Interpreting the coefficients. The fitted Poisson model for the number of post-treatment roaches is

$y \sim \operatorname{Poisson}(e^{3.1+0.7*\texttt{roach100}-0.5*\texttt{treatment}-0.4*\texttt{senior}}).$

We can interpret the coefficients of the regression as follows:

• The intercept is the prediction for $$\texttt{roach100}=0$$, $$\texttt{treatment}=0$$ and $$\texttt{senior}=0$$. More precisely, for a non-senior apartment that was roach-free before and did not receive the pest management, the expected number of roaches is $$e^3.1\approx 22$$. Note that sometimes some of the predictors cannot be zero, and the intercept cannot be interpreted in that case.
• The coefficient $$0.7$$ of $$\texttt{roach100}$$ indicates that, for each additional $$100$$ roaches (while keeping treatment and senior at the same level), the expected number of post-treatment roaches increases by a factor of $$e^{0.7}\approx 1+0.7=1.7$$, or a $$70\%$$ increase.
• The coefficient $$-0.5$$ of $$\texttt{treatment}$$ indicates that the number of post-treatment roaches in an apartment with pest management is lower that that of an apartment without pest management (with the same level of roach100 and senior) by a factor of $$e^{-0.5}\approx 1-0.5=0.5$$, or a $$50\%$$ decrease.
• The coefficient $$-0.4$$ of $$\texttt{senior}$$ indicates that the number of post-treatment roaches in a senior apartment is lower that that of a non-senior apartment (with the same level of roach100 and treatment) by a factor of $$e^{-0.4}\approx 1-0.4=0.6$$, or a $$40\%$$ decrease.

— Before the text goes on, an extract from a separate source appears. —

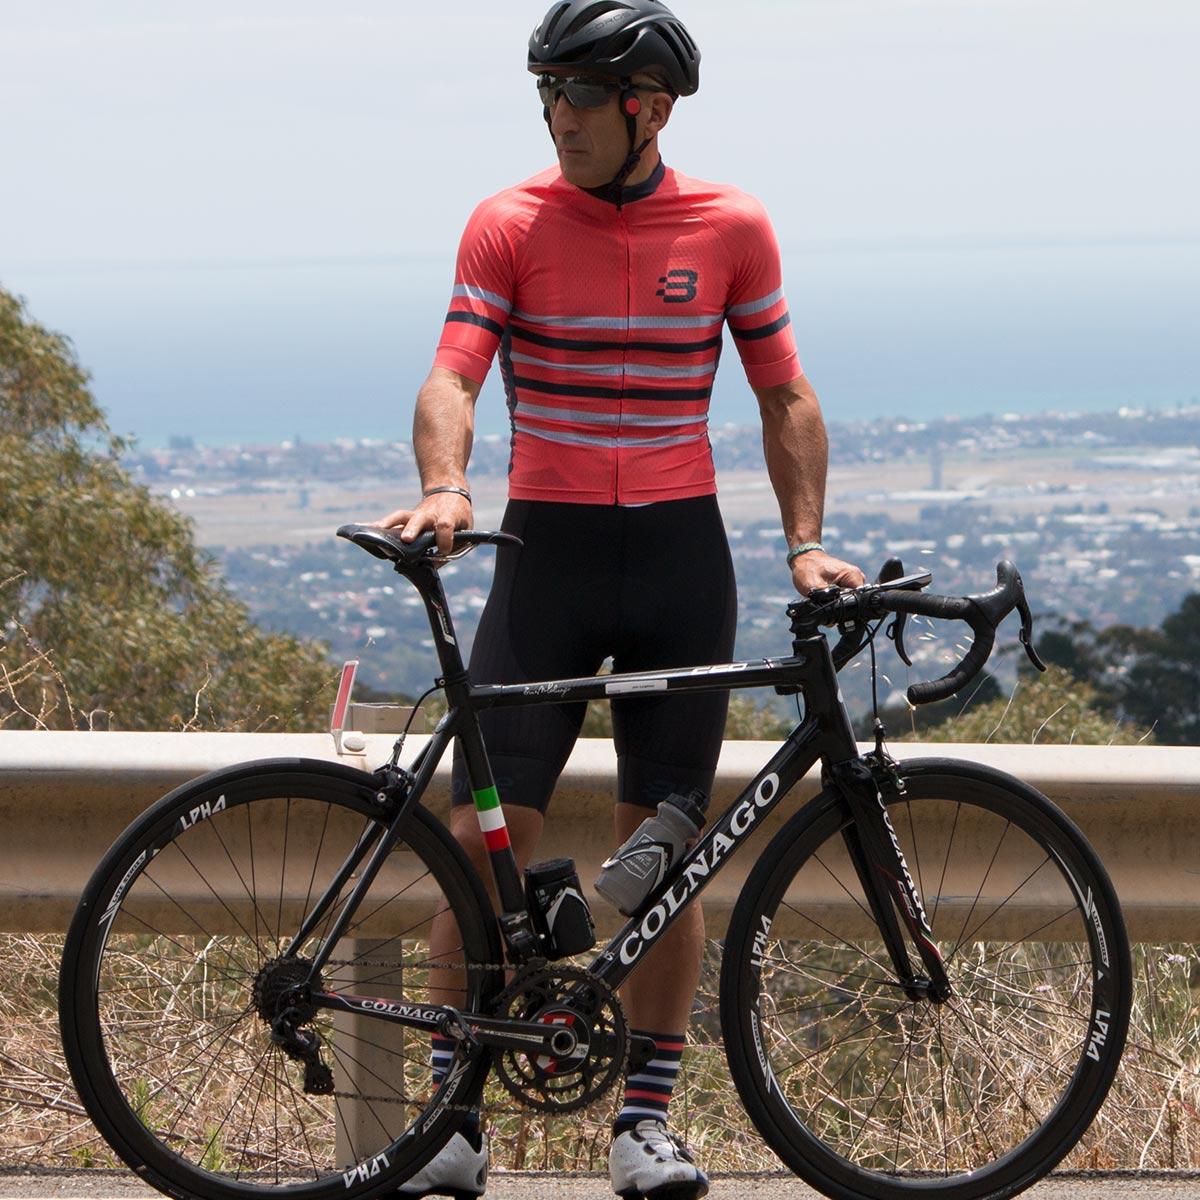 ... Mens Rails v2.0 Pro Fit - Cycling Jersey  2 - VL67953 - Full  Womens ... 95a7af04b

Checking the fit via simulation. Now we check the model’s fit by looking at the posterior predictive distribution. As usual, we use the posterior_predictive function to generate 4000 numbers of post-treatment roaches, then we sample 400 of them.

yrep_1 <- posterior_predict(fit_1)
n_sims <- nrow(yrep_1)
subset <- sample(n_sims, 100)

After that, we use ppc_dens_overlay to compare between the distributions of original and simulated data. Here, we plot both data in the logarithmic scale to make the difference between the plots more pronounced.

library(bayesplot)
ppc_dens_overlay(log10(roaches$y+1), log10(yrep_1[subset,]+1)) The plots show that the original data is overdispersed and contains a lot of zeros; this indicates that the Poisson model might not be suitable as it only allows a relatively small number of zeros. We thus turn to the negative binomial regression, which can be done by specifying family=neg_binomial_2. As before, we let exposure2 be the exposure. There is no need to specify the reciprocal dispersion parameter $$\phi$$—it can be estimated from the data. fit_2 <- stan_glm(y ~ roach100 + treatment + senior, family=neg_binomial_2, offset=log(exposure2), data=roaches, refresh=0) print(fit_2) stan_glm family: neg_binomial_2 [log] formula: y ~ roach100 + treatment + senior observations: 262 predictors: 4 ------ Median MAD_SD (Intercept) 2.8 0.2 roach100 1.3 0.3 treatment -0.8 0.2 senior -0.3 0.3 Auxiliary parameter(s): Median MAD_SD reciprocal_dispersion 0.3 0.0 ------ * For help interpreting the printed output see ?print.stanreg * For info on the priors used see ?prior_summary.stanreg Let us see how the posterior predictive fits our data. yrep_2 <- posterior_predict(fit_2) n_sims <- nrow(yrep_2) subset <- sample(n_sims, 100) ppc_dens_overlay(log10(roaches$y+1), log10(yrep_2[subset,]+1))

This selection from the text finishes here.